We realized that setting the charset on MySQL 5.7.20 to utf8 doesn't actually store all unicode/emoji characters. We are testing migrating the charset to utf8mb4. In order to test we reviewed the schema before and after the migration for inconsistencies. For instance before migration a dump of db/schema.rb before migration using rake db:schema:dump appears as follows (this is just a snippet):

create_table "events", id: :bigint, unsigned: true, force: :cascade, options: "ENGINE=InnoDB DEFAULT CHARSET=utf8" do |t|
  t.string "event_type"
  t.string "system"

We then migrate with the following commands in a Rails migration:

execute "ALTER TABLE events CHARACTER SET utf8mb4 COLLATE utf8mb4_unicode_ci;"
execute "ALTER TABLE events CHANGE event_type event_type VARCHAR(191) CHARACTER SET utf8mb4 COLLATE utf8mb4_unicode_ci;"
execute "ALTER TABLE events CHANGE system system VARCHAR(191) CHARACTER SET utf8mb4 COLLATE utf8mb4_unicode_ci;"

And then after migration we see the same snippet as follows:

create_table "events", id: :bigint, unsigned: true, force: :cascade, options: "ENGINE=InnoDB DEFAULT CHARSET=utf8mb4 COLLATE=utf8mb4_unicode_ci" do |t|
  t.string "event_type", collation: "utf8_general_ci"
  t.string "system", limit: 191

The new version of the column "system" looks correct, with the adjusted max length and collation apparently now defaulting to utf8mb4_unicode_ci as specified. But "event_type" appears not to have migrated, with no adjustment to max length and the collation still set to utf8.

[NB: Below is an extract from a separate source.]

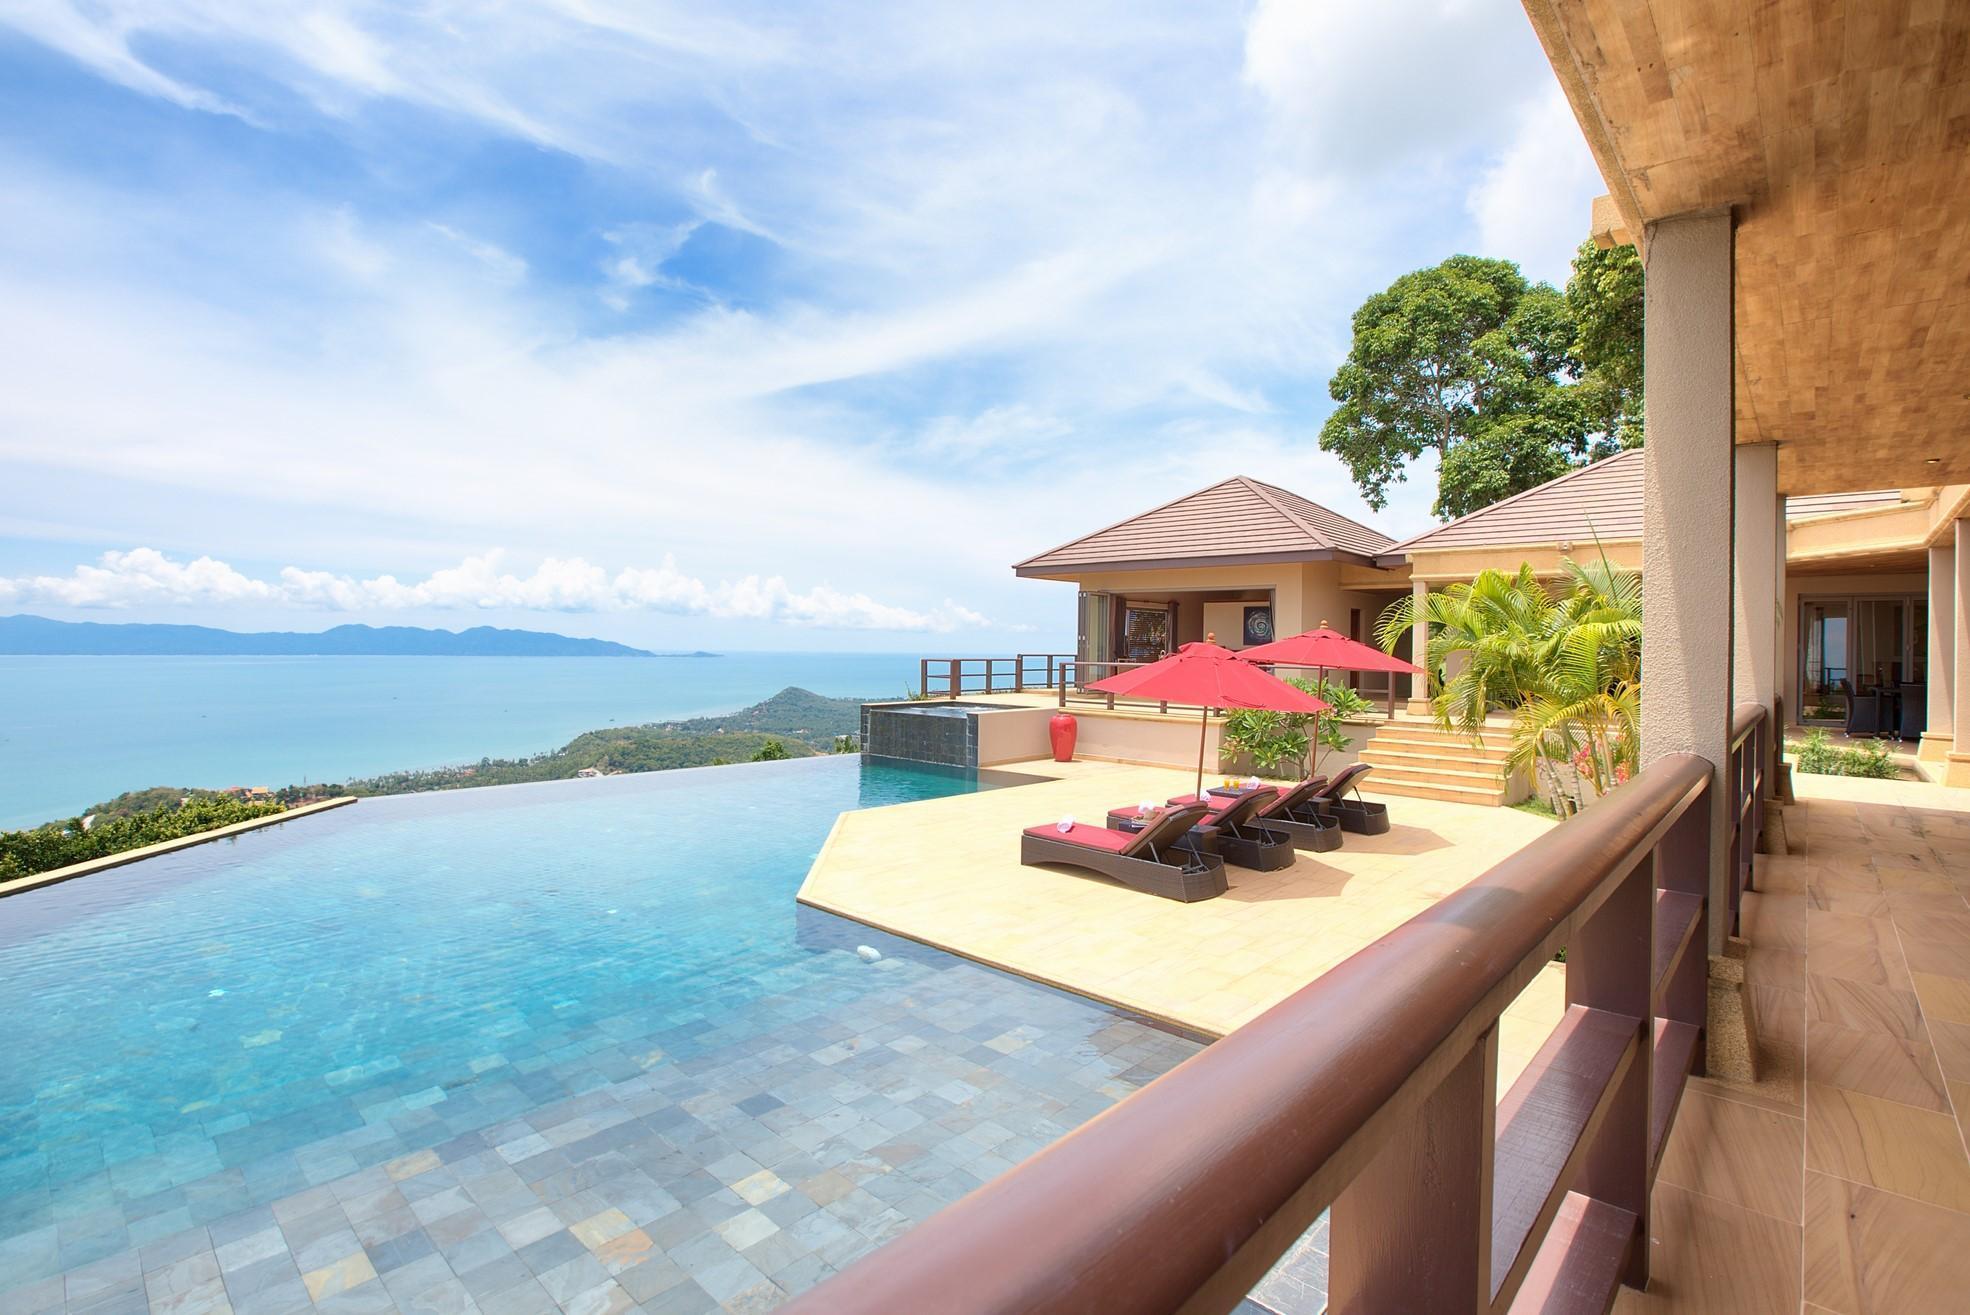 Villa Baan Faa Sai  5***** for 8 guests Villa Baan Faa Sai  5***** for 8 guests

The migration commands are identical and no errors were shown during the migration.

Why the difference? We migrated many varchar columns, and some came out each way with no apparent pattern. Both columns are indexes.

Is the unchanged event_type max length really a problem as long as we don't actually store anything > 191 chars in it?

We are using Rails 5.1.3 and Ruby 2.4.1.

1

1 Answers

0
votes

Setting table row format to dynamic fixes index issues.